High interest savings accounts
Ms Cathcart said shopping around for the best rate could make a big difference to the amount you earn.
“Look out for introductory rates that banks may offer and what the rates will revert back to when the intro rate concludes. Be disciplined when the rate has ended and shop around again for the best deal,” she said.
“Fees always play a big part in eroding savings, so make sure you’re not paying fees unnecessarily.”
A term deposit was another option to consider, according to Ms Cathcart, and with a guaranteed return, it meant you could choose the timeframe that suited you.
“Term deposit accounts are savings accounts which pay a fixed interest rate over a set period,” she said.
“They normally offer a greater return than a regular savings accounts, but you can’t access your funds until the agreed term expires, so are not suitable if you think you may need to access your money in the immediate future.”
Ms Cathcart said a savings bond was another alternative for longer term investing.
“When you invest in bonds, you're lending money to a company or government and you receive regular interest payments in return,” she said.
“If you’re trying to save for a child’s education, an education bond may be an another option to consider.”
Alternatives like a managed fund or a real estate investment trusts (REIT) could be low risk and often offer a higher return than current cash rates.
“If you decide to put your cash into a managed fund, it will be pooled together with other investors and the fund manager buys and sells assets, like shares or bonds, on your behalf,” Ms Cathcart said.

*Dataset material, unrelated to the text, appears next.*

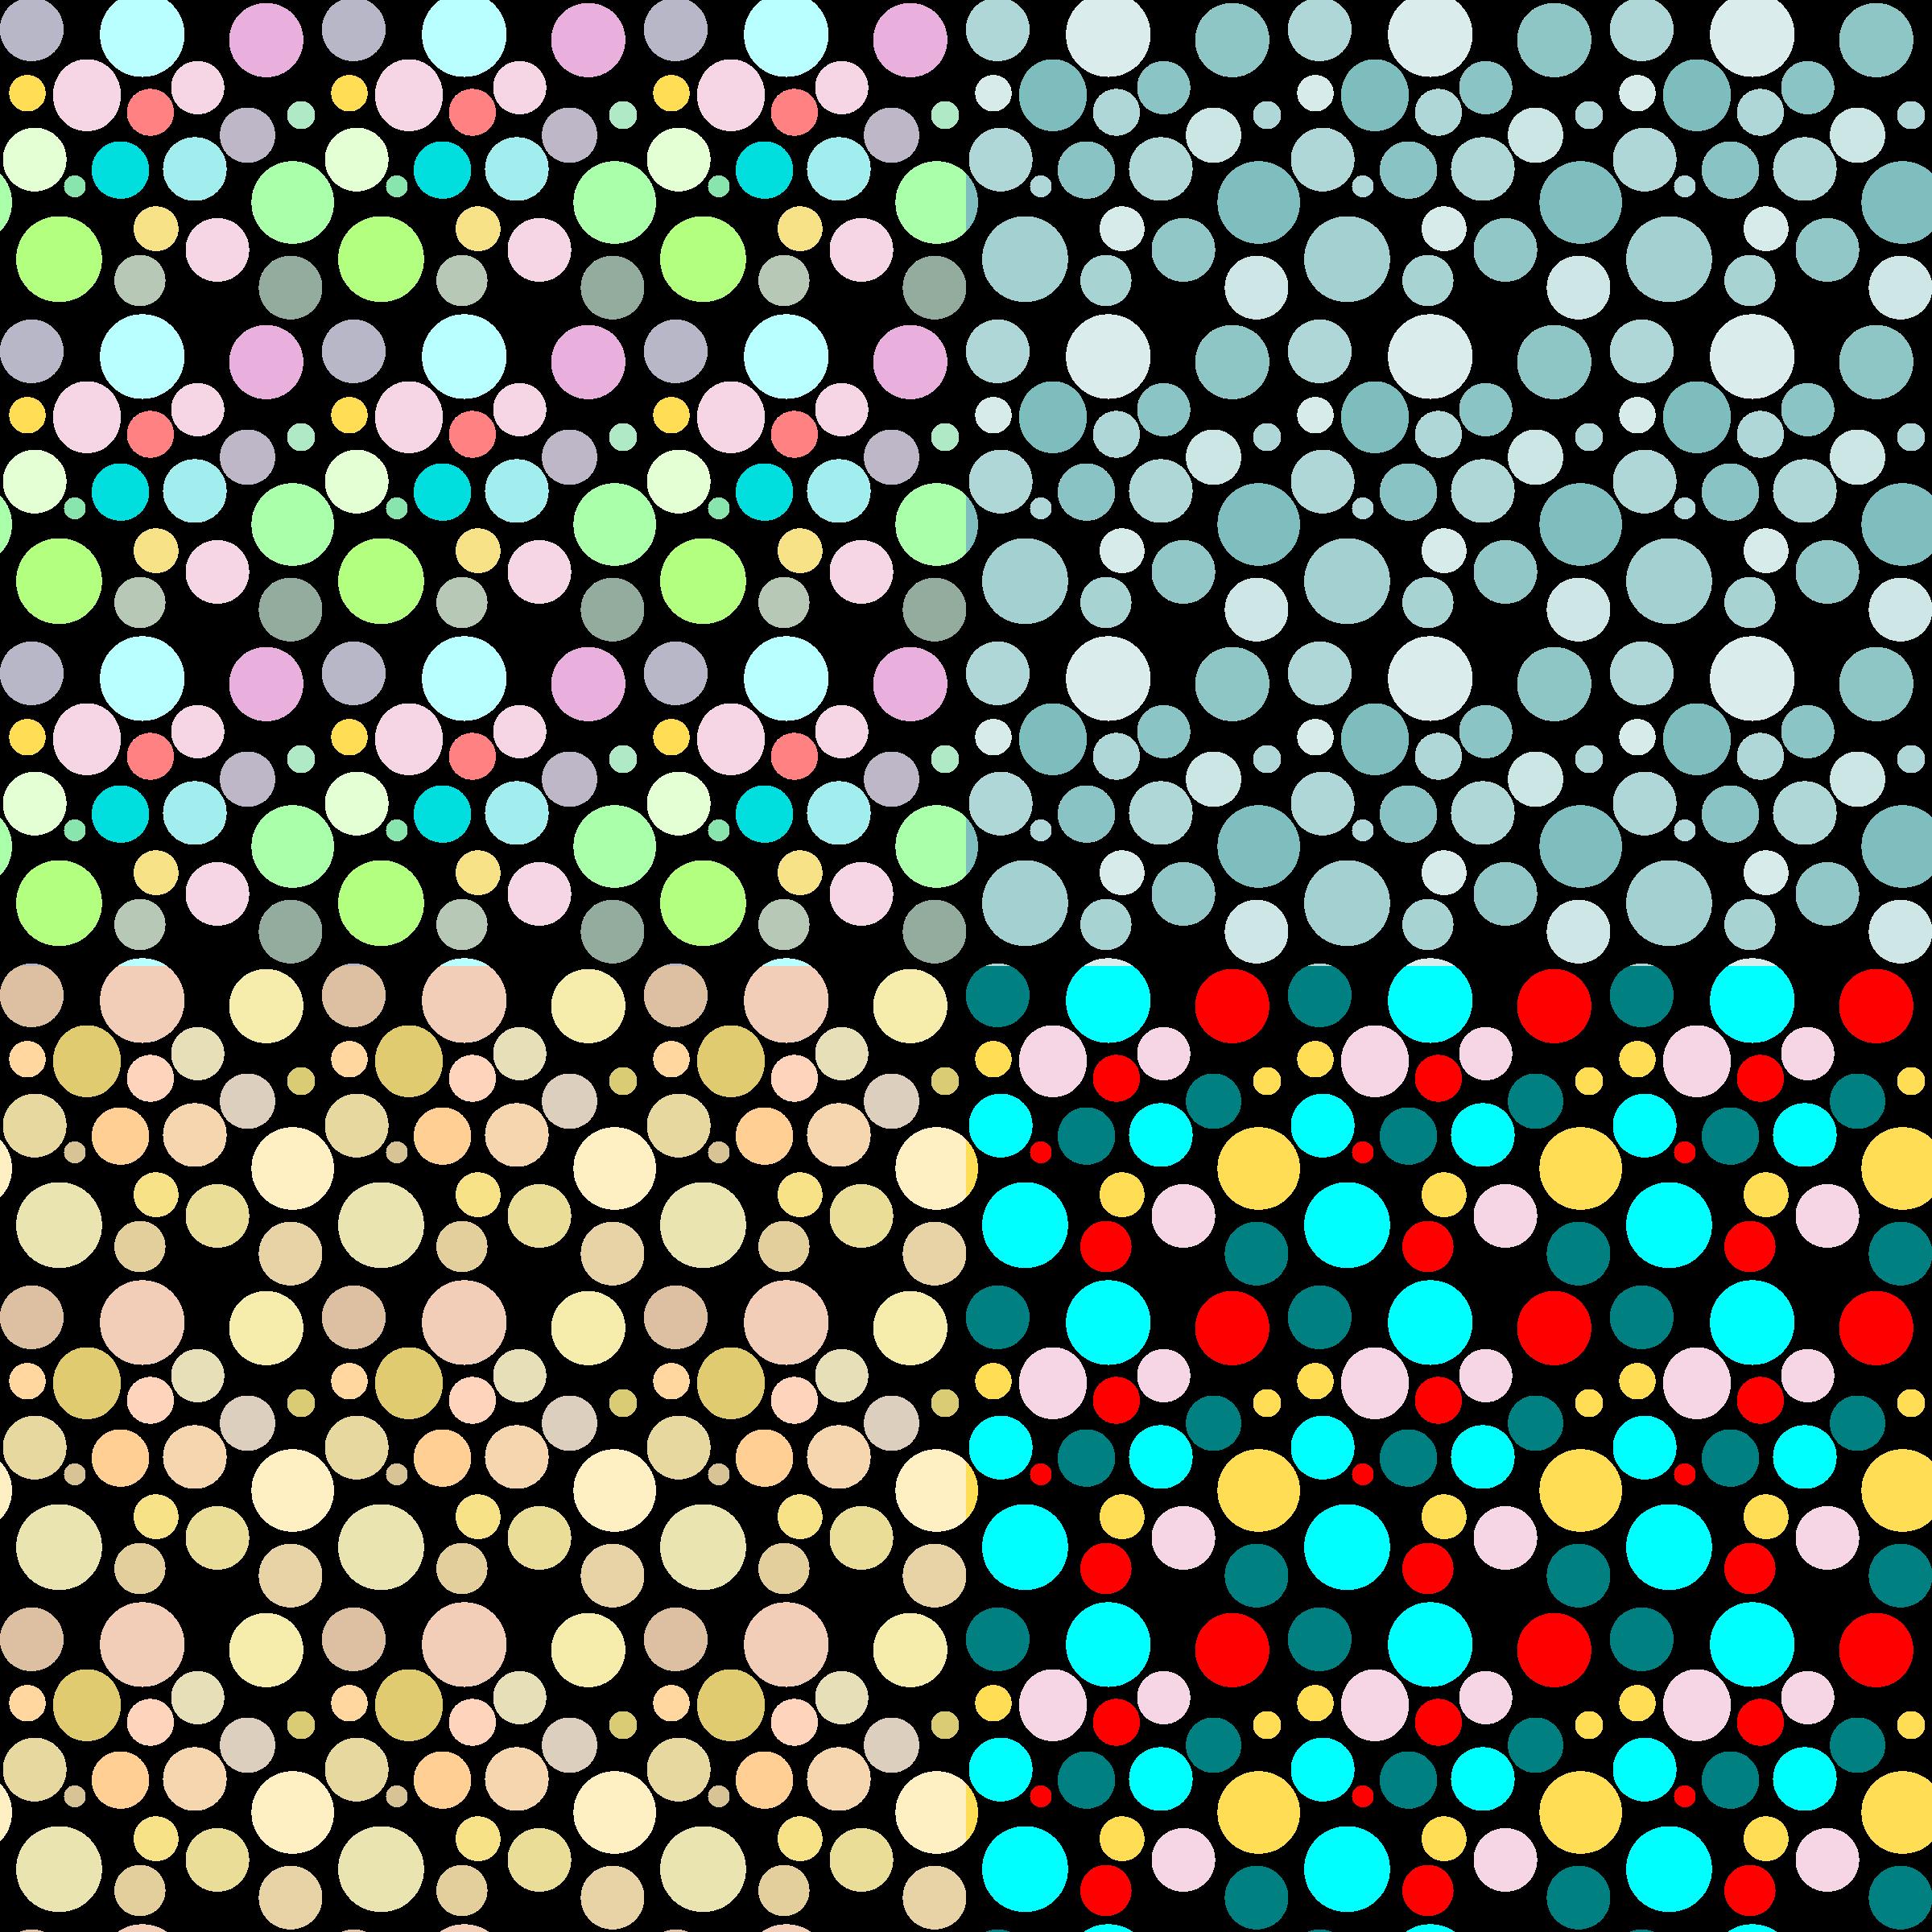 Circle patterns. Dot clipart four

“REITs invest in property either in Australia or internationally, so investing in one of these will see you gain access to multiple properties rather than investing in just one, this can lower your overall risk.”

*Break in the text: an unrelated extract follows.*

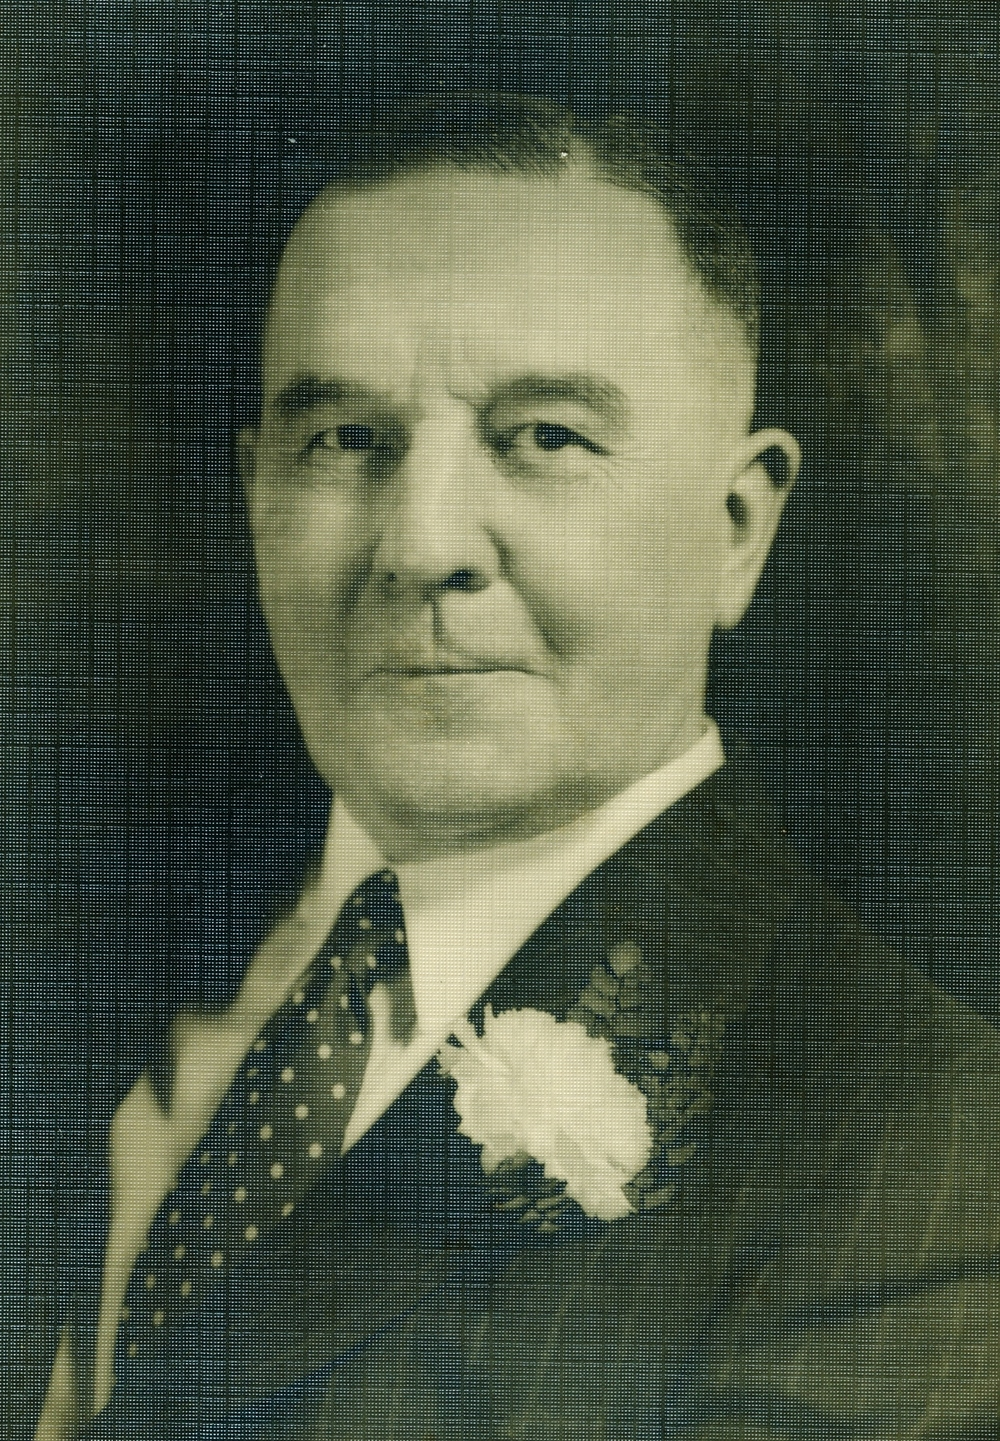 Sidney B. Wright

The information in this article has been prepared for general information purposes only and not as specific advice to any particular person. Any advice contained in the document is general advice and does not take into account any person's particular investment objectives, financial situation or needs. Before acting on anything based on this advice you should consider its appropriateness to you, having regard to your objectives, financial situations and needs.